A year ago today I left all of the familiar faces, the familiar places, the familiar feelings behind and began an unimaginable journey. It seems like ages ago but at the same time it feels just like yesterday:
Having breakfast at my old home of a restaurant with my closest friends and family, waving goodbye to loved ones in the parking lot, sitting in a park with a pit in my stomach as we waited for the appropriate time to leave for the airport. Reality sinking in as I checked my bags, and then really sinking in as I hugged and kissed the remaining loved ones goodbye and watched them watch me as I disappeared down an escalator leading to my flight’s gate.
People looking at me like I was crazy as I sat waiting to board the plane; I knew what they were thinking, “Frank, that girl’s been sobbing for half an hour and we’re only going to Philadelphia… Keep your eye on the kids.” Lugging my possessions for the next two years to a taxi, to a hotel and then into the hotel room. Having another melt down, being surprised by an unexpected roommate, pulling it together and acting super friendly, then dodging out of the room to a solitary corner where only the best kind of person talked me down (for the first time out of many to come) from going right back to Colorado.
The next day I met what I had heard were to be my best friends over the course of the next couple of years, if not for the rest of my life. I was skeptical, “There’s no way I’m going to feel that close of a bond with anyone in this room,” but still tried to read everyone’s souls and predict who my new BFFs would be.
I can’t help but smile thinking about how little we knew about each other, about Peace Corps, about Kenya, about everything that we were getting ourselves into and yet instead of being concerned about that, we were all occupied with making good impressions on one another. I should have never been so skeptical. Those people were and are just the best and I have come to love each and every one of them. Being thrown into such a foreign situation will have this instant bonding affect on you that you won’t believe until you go through it. Although we’ve decreased in number by a few, I still look at it as having gained a family of thirty.
So, I took some time today to think about how I’ve changed, how I’ve grown, all of the things that I know now that I never could have imagined then, all of which has happened in the past year. The person I was a year ago, I would classify as crazy but crazy in a good way. Who leaves on a twenty-seven month trip knowing so little? I did and it was probably one of the best things I have ever decided to do.

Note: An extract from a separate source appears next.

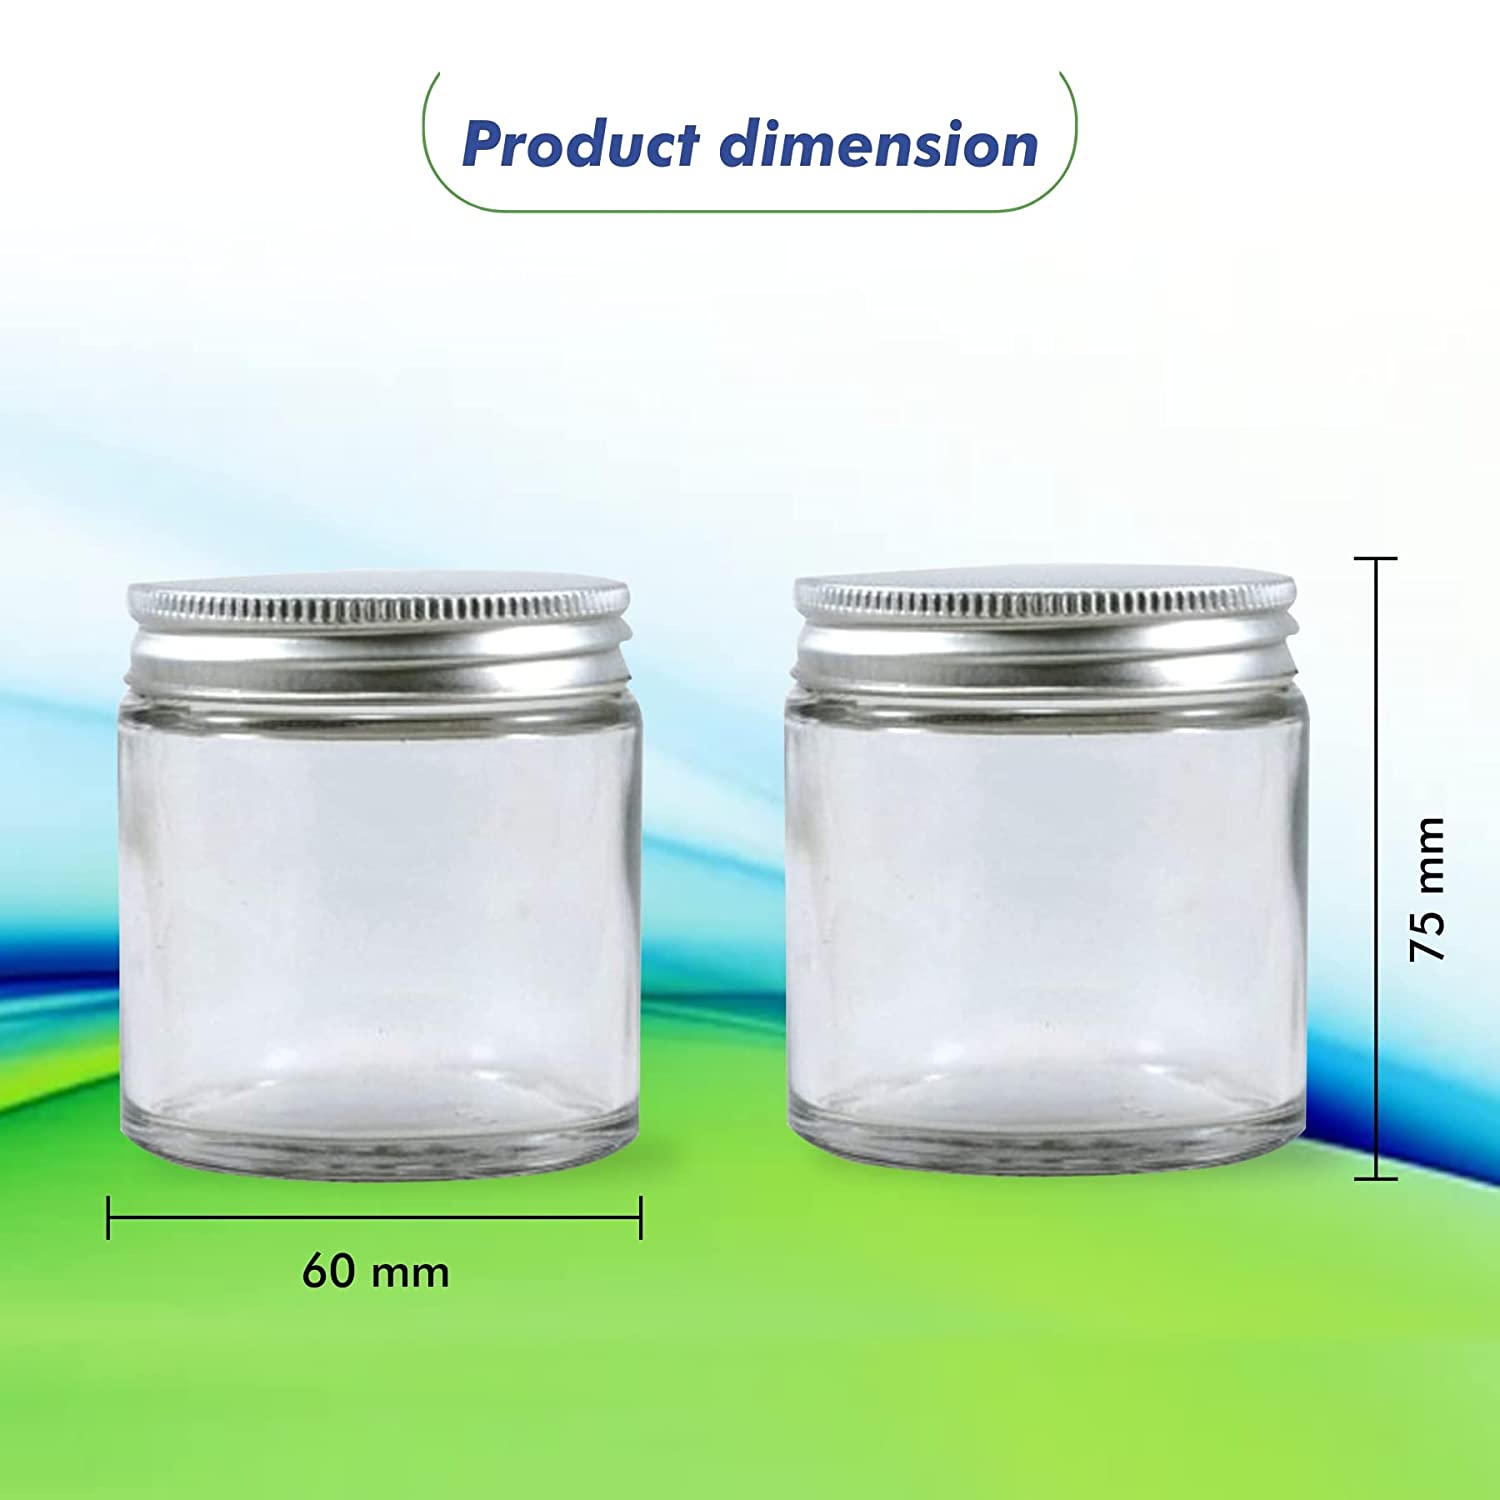 Shoprythm Packaging,Cosmetic Jar Glass jar with Golden lid

I’ve mentioned it in previous posts but more than anything I think this has been one of the most self-empowering experiences that I could have forced myself into. I can do awesome things and I can do them alone. I’m not trying to discount the power of working together in groups in any way (in many cases it’s so much better to have more bodies and brains) but knowing that I can travel across a country, through cities I have never been to, by myself, in AFRICA, is pretty cool. Just a couple years ago I wasn’t comfortable enough in my own skin to go to a coffee shop by myself, in Boulder, let alone travel through a country halfway across the world unaccompanied.
So… What have I learned?
I’ve learned when left to my own devices, with only the company of a sugar-loaded care package from the States, that I am an emotional eater. A few added pounds later, I learned self-discipline. I have learned to take care of myself for me and not just to do things to look or feel good for someone else. I’ve learned (twice) that Giardia is real and crippling in more ways than one. I have learned to kill big bugs with only a flip-flop. I have learned that it’s okay to fail; you just have to pick yourself back up, learn from that failure and move on. I have learned to be much more assertive, to watch out for myself and not allow others to take advantage of me. I have learned the true value in family and friends and just how much it means to have their support and unwavering love. I’ve learned what a blessed life I have had simply by being lucky enough to have been born in the United States to a middle class family. I have learned that time and scheduling doesn’t really mean too much; you just have to go with the flow. I have learned just how much I adore indoor plumbing and heated water. I have learned and grown to appreciate SO. MUCH. that this list could go on and on and on…
This past year I have found life-long friends, found love for a new country, for a new people, for a new kind of work. This past year I have found me.